После этого случая Ричард стал собирать песни. С кем бы не встречался, все наводил разговор на песенки и, если слышал что новое, просил списать слова. Сперва списывал подряд. Но постепенно научился с первого слуха разбирать, какие песни ему нравятся и годятся, а какие нет.

Вечерами, когда отец с матерью садились к телевизору, Ричард уходил из дома и бродил по Арбату, по бульварам, по Метростроевской — бродил и слушал, не поют ли где. А когда встречалась компания с песней, пристраивался сзади и шел следом, напряженно пытаясь схватить слова. Мотивы ему давались без труда, сразу.

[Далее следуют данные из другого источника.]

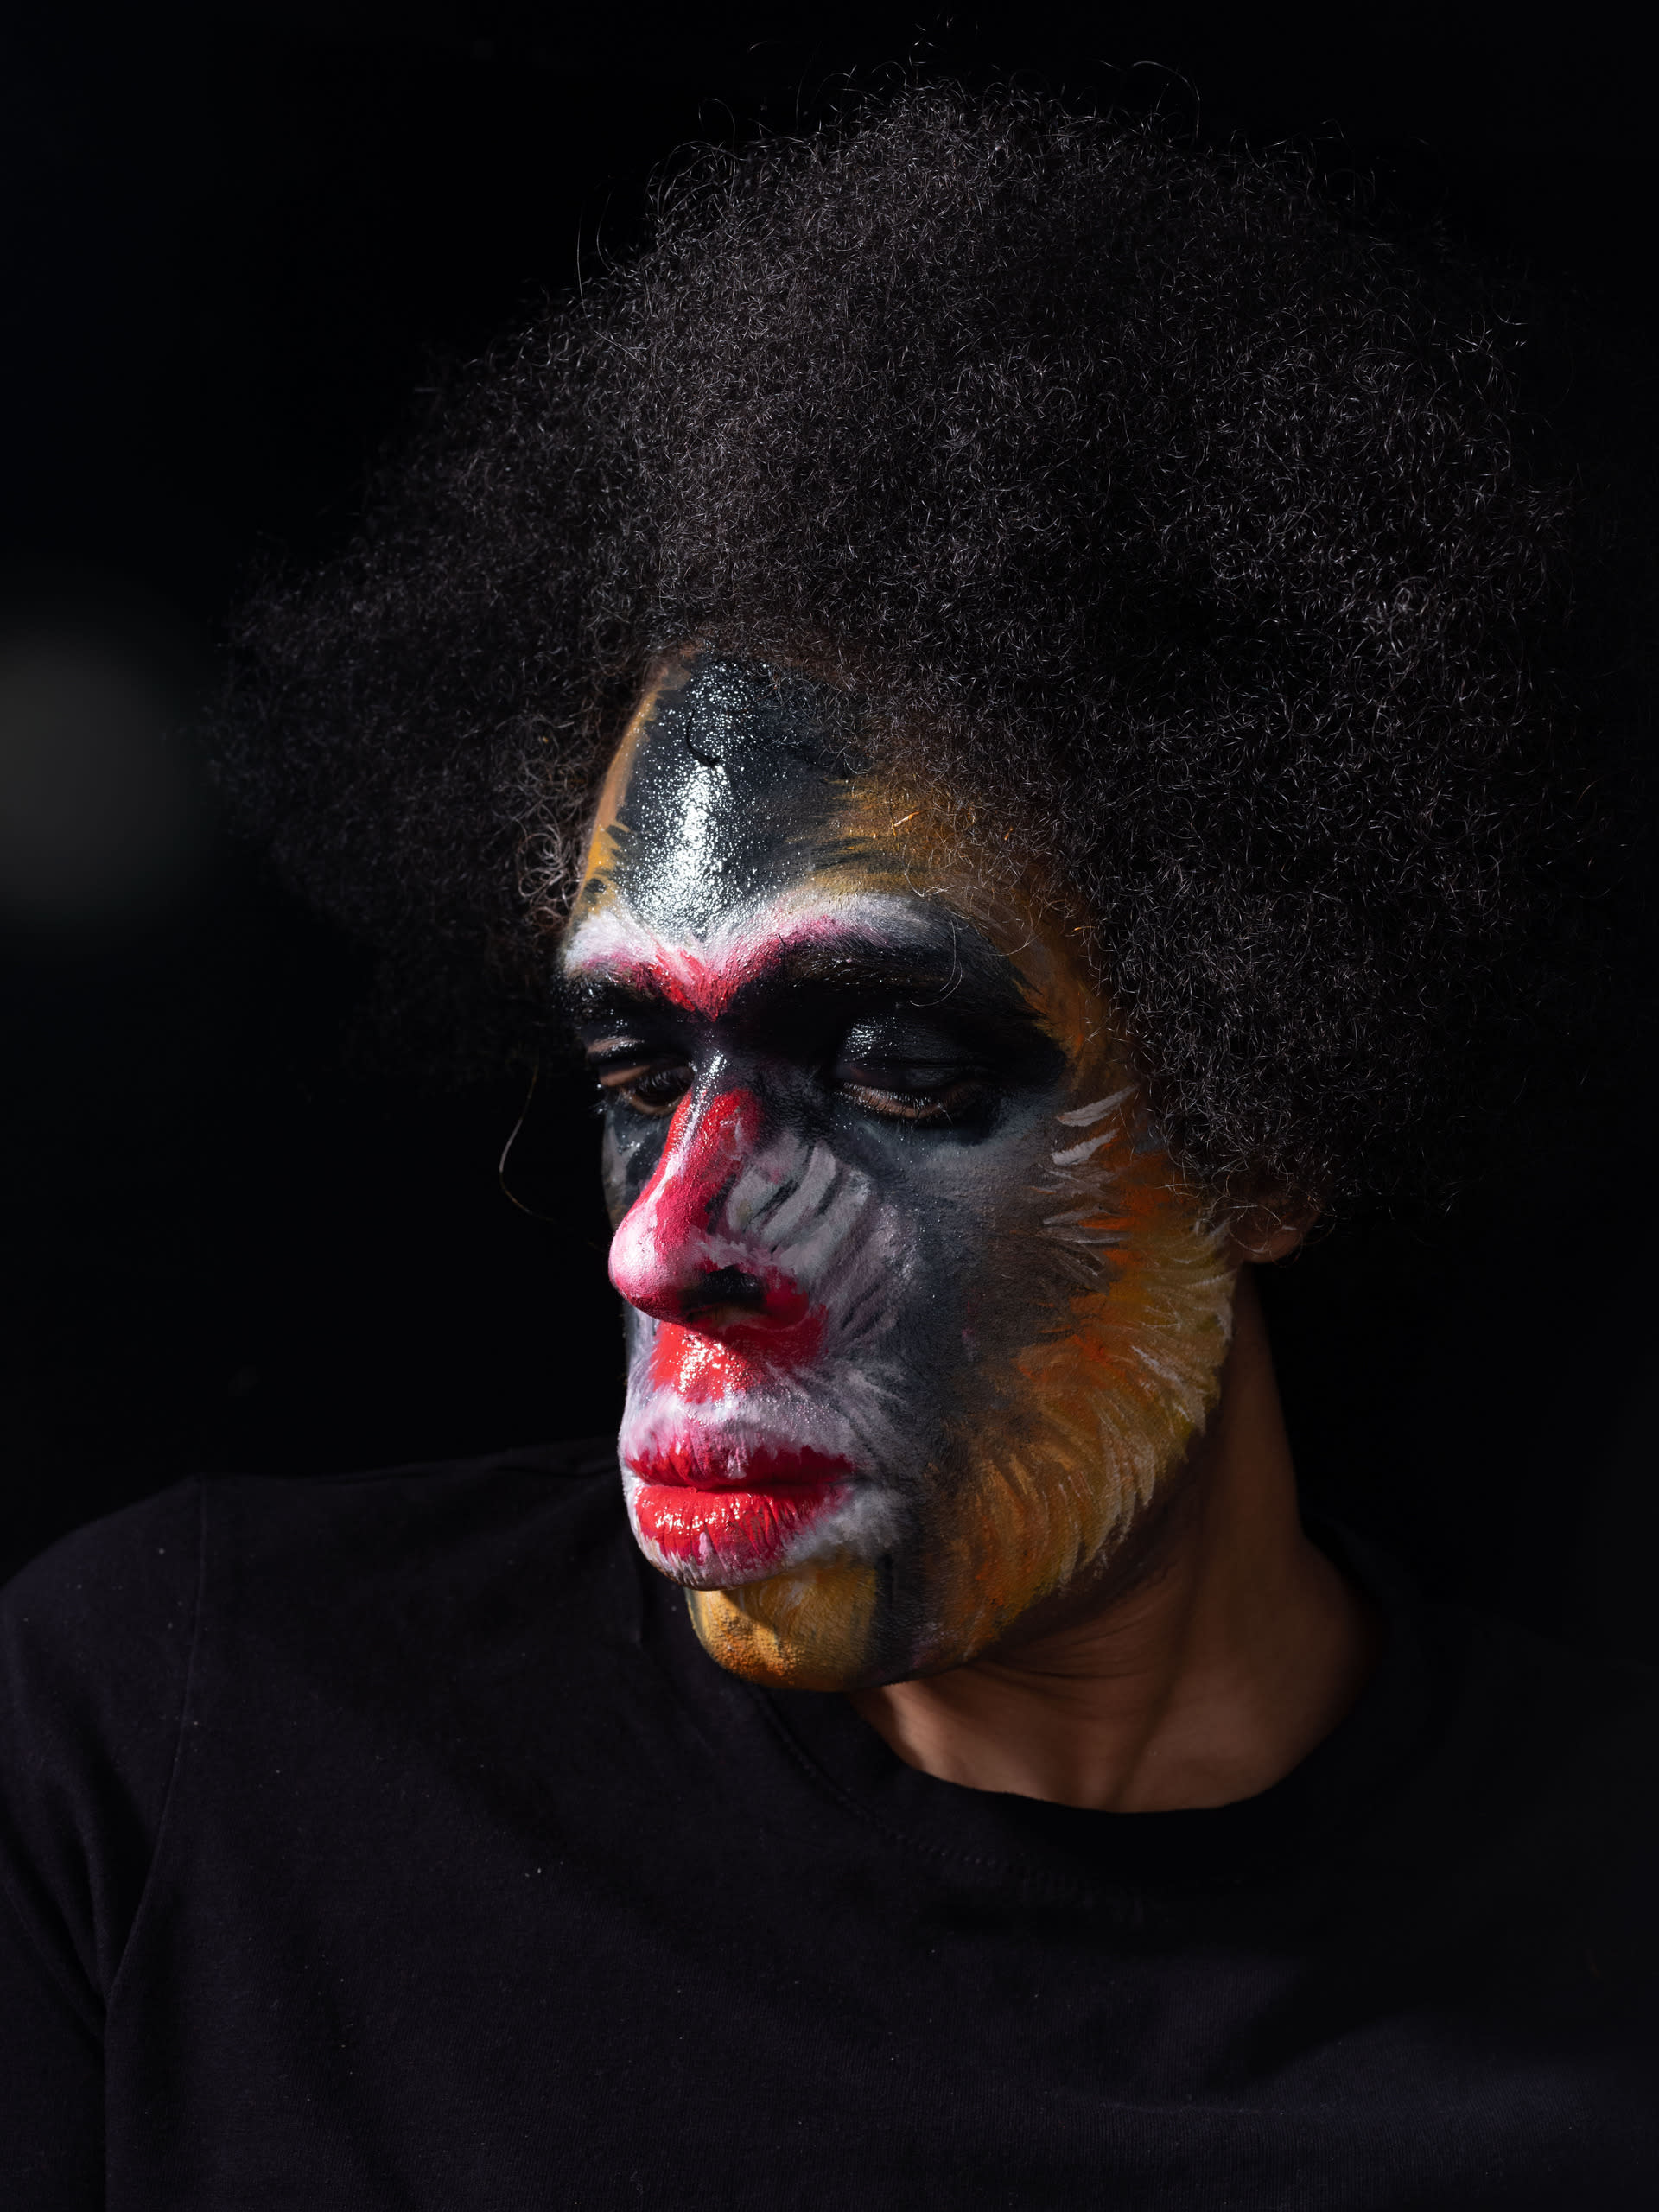 A photograph of myself, face paint as a Mandrill, in a black background

У артиста, жившего в их дворе, был магнитофон и двенадцать катушек записей. Ричард как-то напросился к нему и весь вечер, чтобы не мешать, просидел на кухне, списывая песни.

— Зачем тебе? — поинтересовался артист.

— Да вот на гитаре пробую учиться.

— Валяй, — одобрил тот, — теперь это модно.

Он подсказал, какие песенки выбрать, и пошел в другую комнату учить роль. Ричард именно эти и переписал: артист был малый культурный и современный — знал, что сейчас поют.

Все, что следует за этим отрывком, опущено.